Here is a useful tip I’ve discovered whenever I encounter unknown situations:
Just ask yourself, “What would the best version of myself be like in this moment?”
(This is particularly useful for robots, like that Facebook founder, who are only pretending to be humans. Just a joke. Chill out. Don’t put me on some list.)
Anyway, it’s a useful tip because it’s an open-ended question. Which forces you to flip on the ol’ imagination. Rather than asking yourself silly, self-doubting (or self-loathing) closed- ended questions. Like, “Should I do X?”, “Should I have said Y?”

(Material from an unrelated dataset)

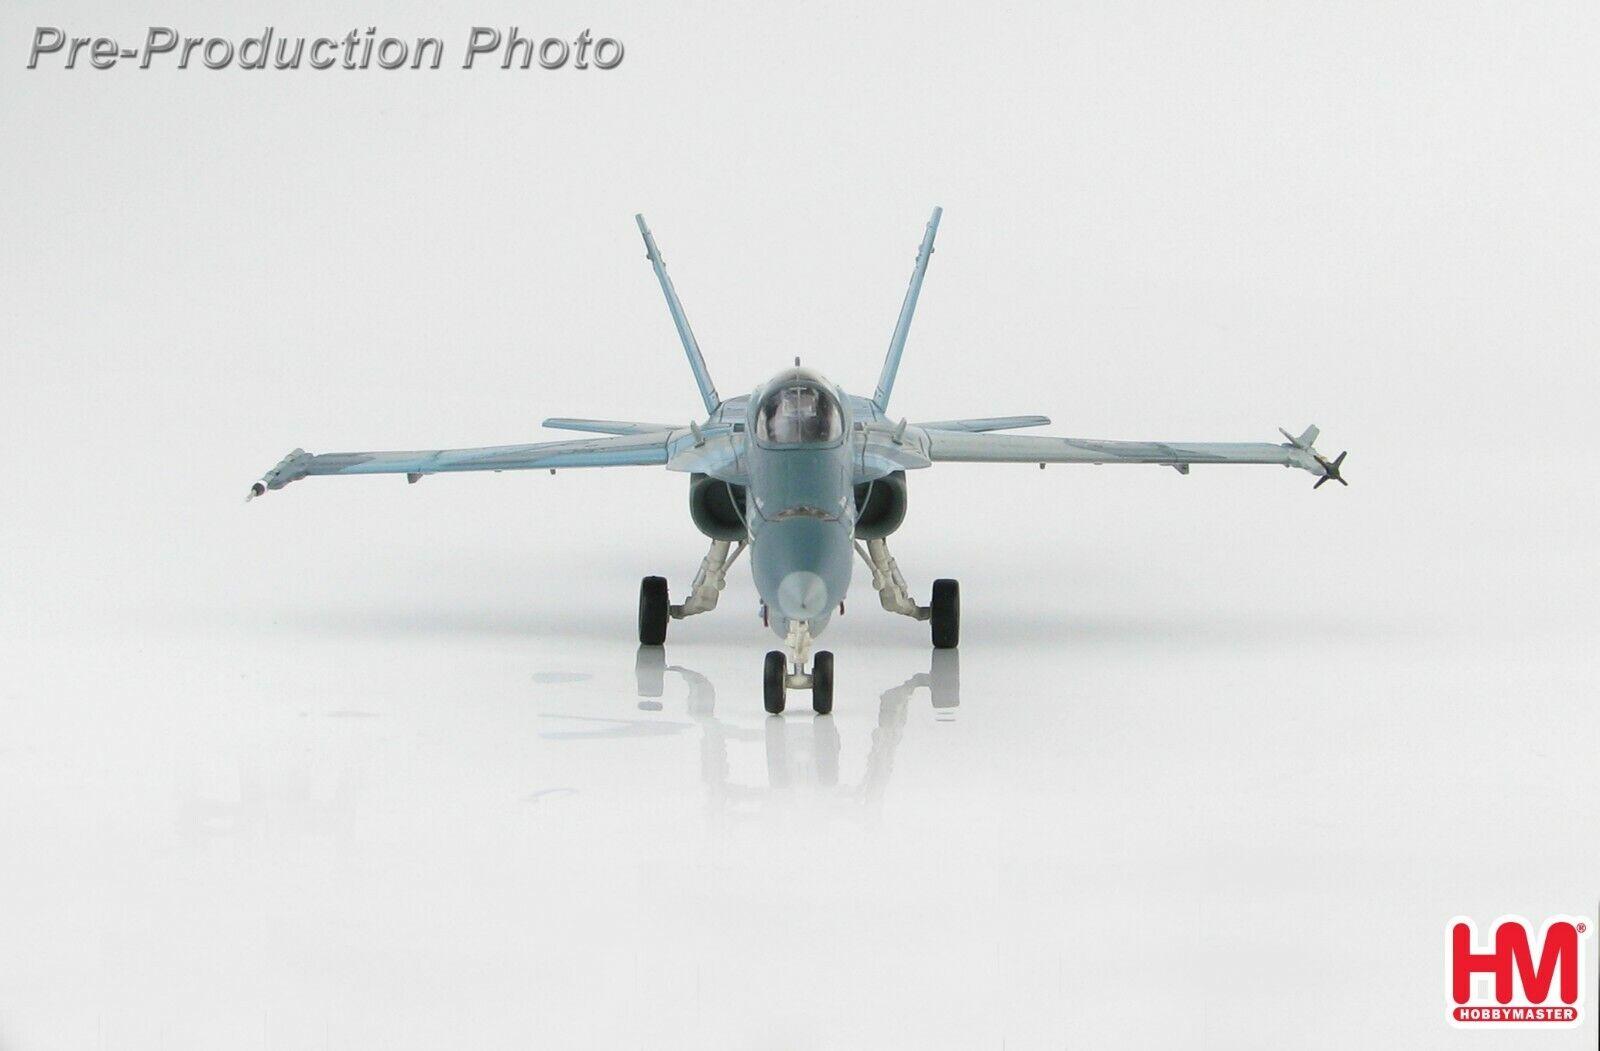 Hobby Master HA3544, McDonnell Douglas F A-18A Buno 162875, NSAWC 55, 2004-2006

This question is not meant to encourage you to shut off in the middle of real-life scenarios, so you can brainstorm how to behave. Don’t do that, psycho. Just be authentic.
It’s really meant more for reflection. Especially if you ever find yourself putting your foot in your own mouth. Or wishing you’d have handled a situation differently.
You’re going to botch it all up quite a few times in your life. Shrug it off. Then reflect.
How could that have gone differently?
“How would the best version of myself handled that moment?”
Asking these kinds of questions creates the semblance of an ideal for you to strive for in future scenarios. That, paired with the critical self-knowledge of your own past uncomfortable failures, gives you some good guardrails for future interactions.
“What’s the worst than could happen?” and “How would the best version of myself handle this?”
Aim to end up somewhere in the middle of those. Reflect. Move on with your life. Improve in the future.